From the horse’s mouth
Pro-Ject T2W Wi-Fi turntable
The vinyl revival is upon us whether you are a young person who didn’t grow up with playing records or an older person who habitually played records on that stereogram or hi-fi system and maintained that record collection. But a significant number of turntable manufacturers have moved away from the purely-analogue “back-to-basics” approach to the classic LP record by bridging digital technologies with that classic music medium.
In a lot of cases, turntable manufacturers have issued at least one turntable model in their range that uses Bluetooth to stream audio from that record to Bluetooth speakers or headphones. Yamaha recently issued the MusicCast VinylPlay 500 turntable that streams the record you are playing through your home network to their MusicCast speakers and amplifiers or plays online sources using a MusicCast app.
But Pro-Ject have come forward with a network turntable that uses UPnP / DLNA to stream the music off that record you have put on to a wide range of network audio equipment using your home network.

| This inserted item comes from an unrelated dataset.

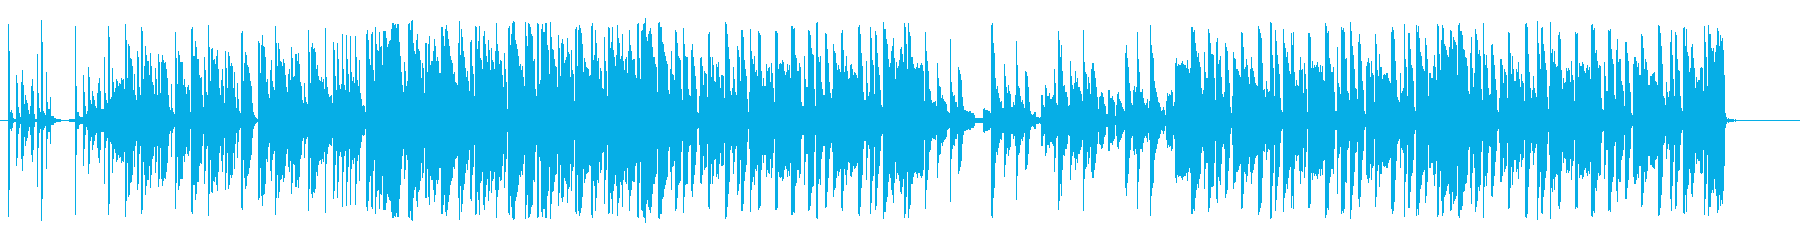 ヒップホップ トロピカルの再生済みの波形
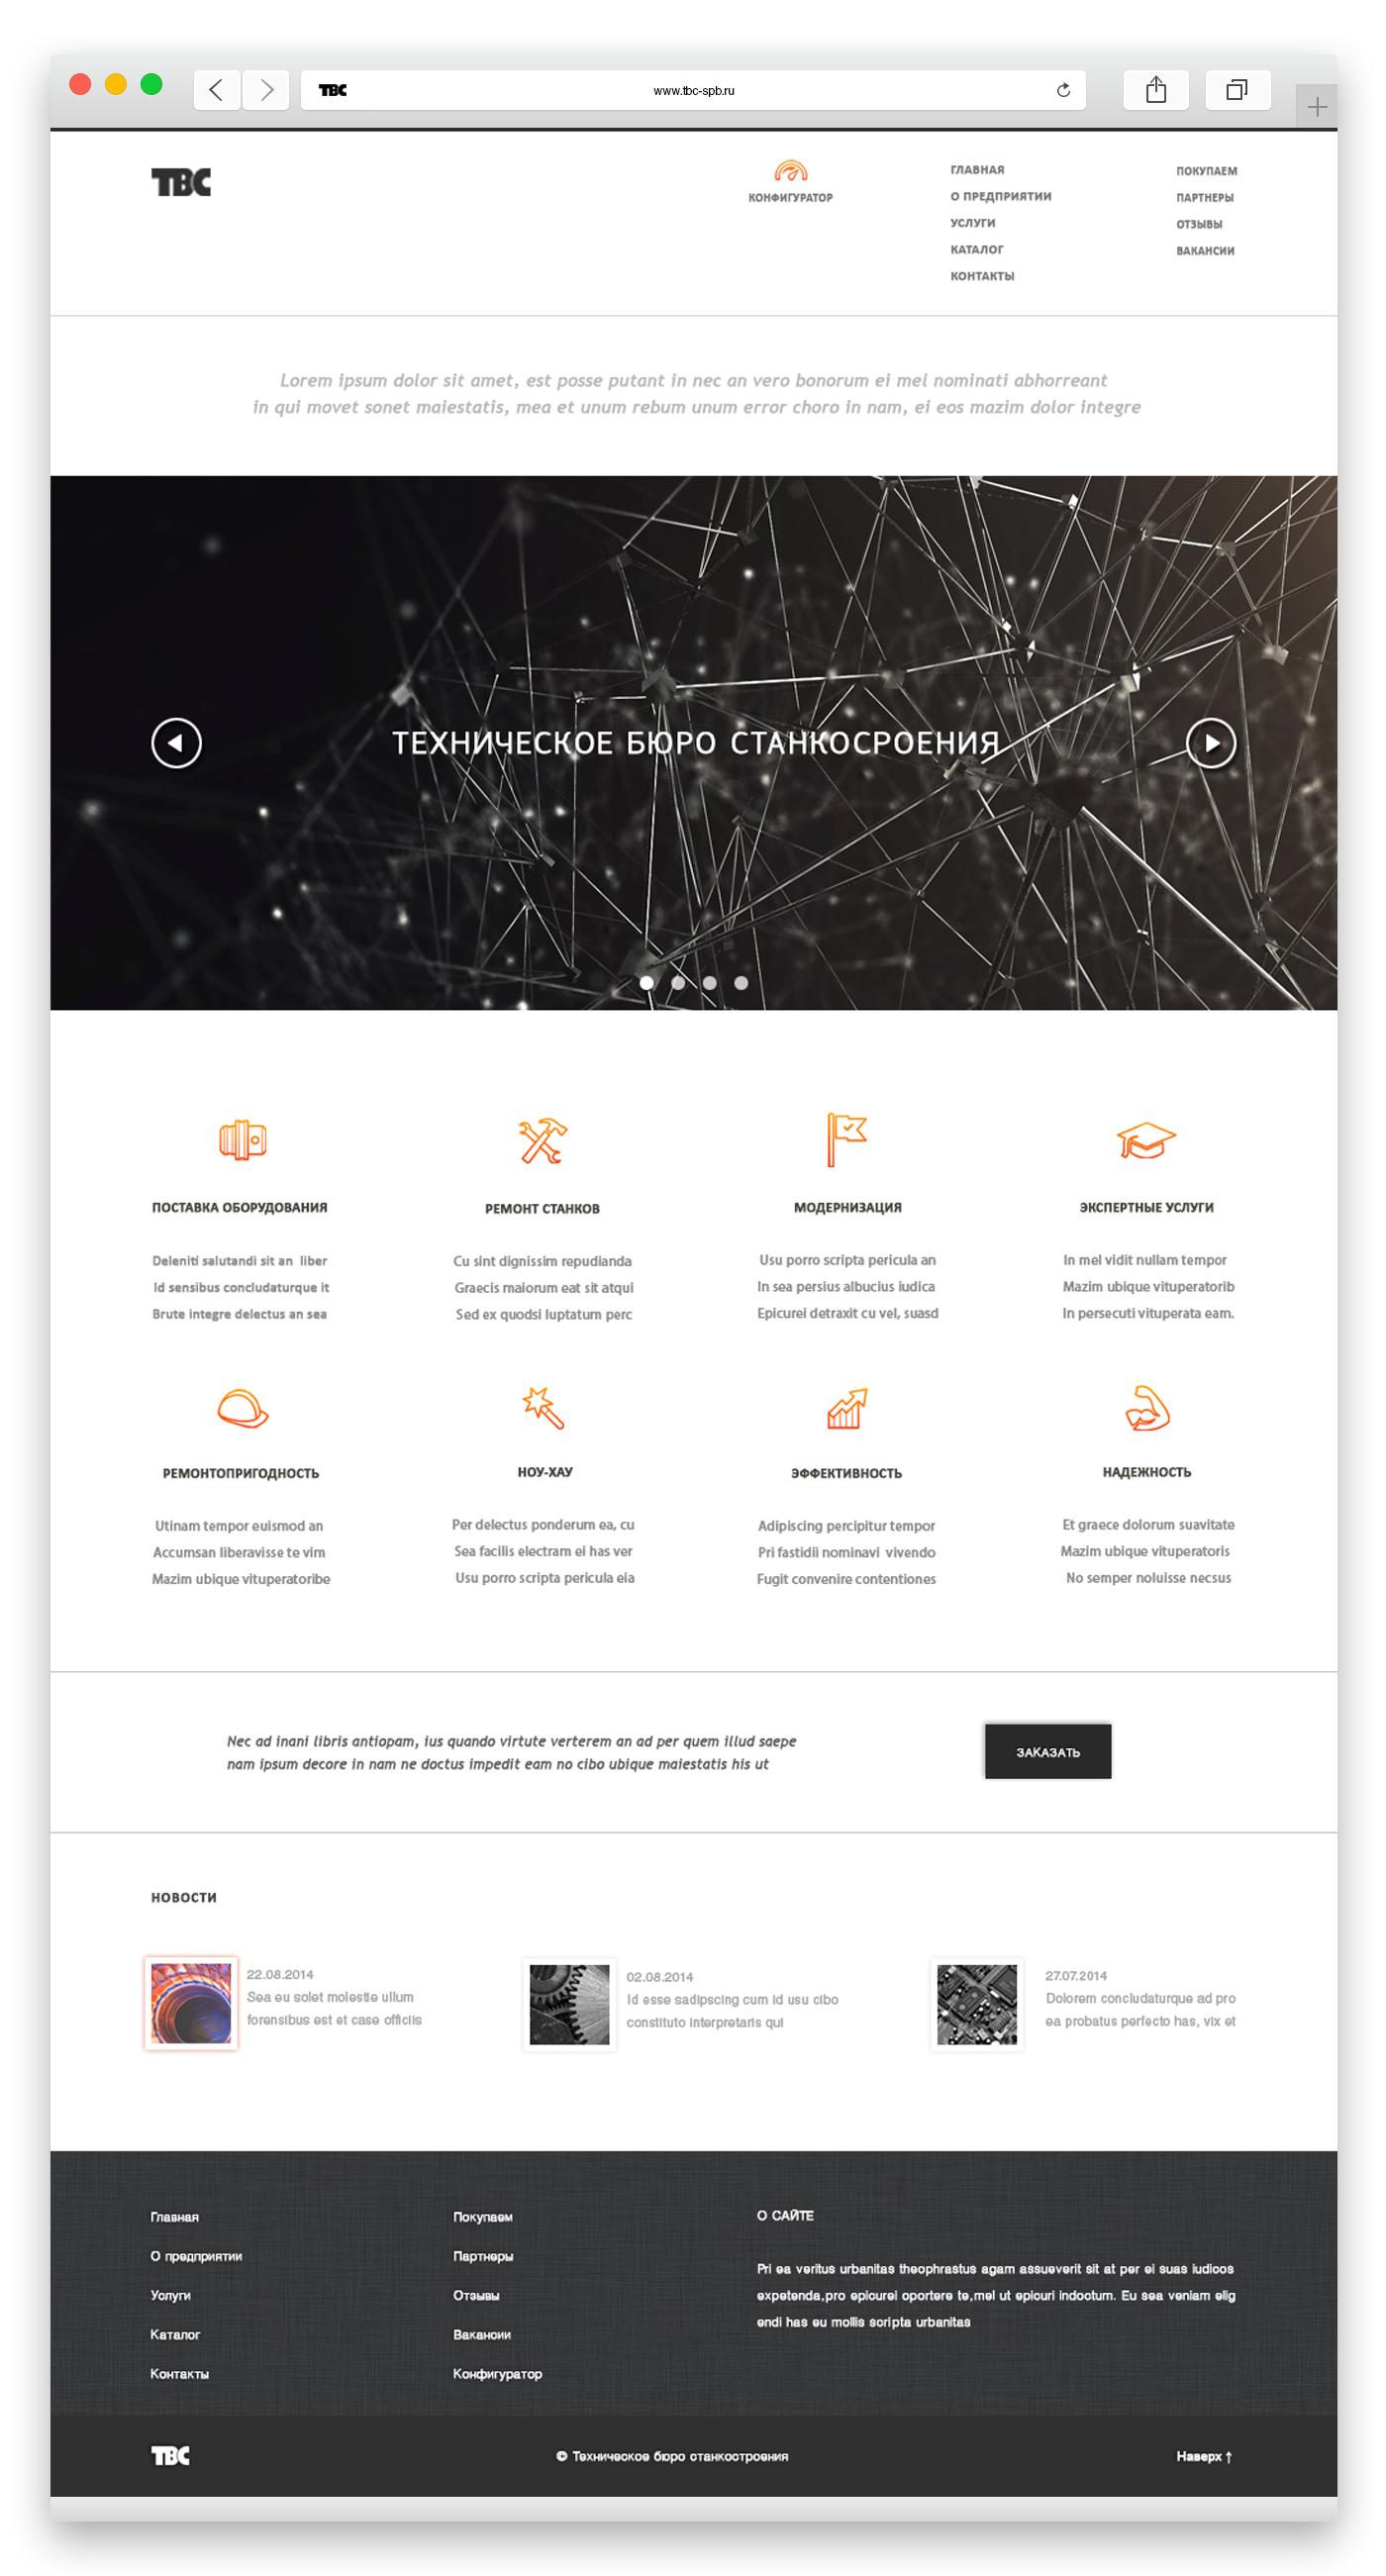 Сайт Технического бюро станкостроения

Pro-Ject have had a significant hand with the vinyl revival. This is with designing and releasing a value-for-money manual turntable that answers the expectations of “born-again” vinyl enthusiasts and participating in the Australian edition of Record Store Day which celebrates independent “bricks-and-mortar” record stores.
The Pro-Ject T2W Wi-Fi turntable is a belt-drive manual-operation turntable that works with 33rpm and 45rpm records. Records are placed on a glass platter rather than a plastic or lightweight-metal platter, which does a better job of absorbing unwanted vibrations. The tonearm is equipped with a Sumiko Rainier moving-magnet cartridge most likely
But this turntable streams the music content over your Ethernet or Wi-Fi home network to any UPnP / DLNA network audio endpoints with it supporting a best-case FLAC lossless audio stream. The Wi-Fi wireless network connection works best case to Wi-Fi 6.
You have to use the Pro- Ject Control App on your smartphone or tablet to set the T2W up for your home network. But this also works as a UPnP / DLNA Media Controller, allowing you to “push” the music stream from your currently-playing LP to a DLNA audio endpoint. The turntable also has a button to “push” the music stream to the last-connected DLNA endpoint so you don’t have to get out your smartphone to do this before you lift the arm on to that album. The Pro-Ject Control App also can allow you to use Sonos or Apple AirPlay 2 compatible equipment to hear that album.
Between the moving-magnet phono cartridge and the Wi-Fi streaming subsystem exists a high-quality analogue split-passive phono preamp which also yields the sound from that album to a line-level input on an amplifier. This would come in handy with music systems that don’t have a phono input that you would typically connect a turntable to. I have done further research and there doesn’t seem to be the ability to run the audio signal to an external phono preamp such as the one built in to that 70s-era hi-fi receiver.
Pro-Ject recommends that you use the control app associated with a UPnP / DLNA capable network multiroom setup to discover the turntable and push its output across the speakers in that setup. This is to assure proper synchronous sound output because one device would be used to “collect” the signal and synchronise it across the different member endpoints in that setup. Pro-Ject doesn’t assure that the T2W’s UPnP setup will lead to proper sync across different devices due to differing buffering capabilities.
This may appeal to people who have an Internet-capable audio system that uses UPnP / DLNA and want to play records through that system via the home network without it being necessarily close to the turntable. But I would like to see Pro-Ject or another company offer similar functionality in a standalone box that can be connected to existing hi-fi equipment.
But I see Pro-Ject’s effort with the T2W as linking the vinyl revival with the home network using standards-based technologies like DLNA. Time to put that record on through the home network!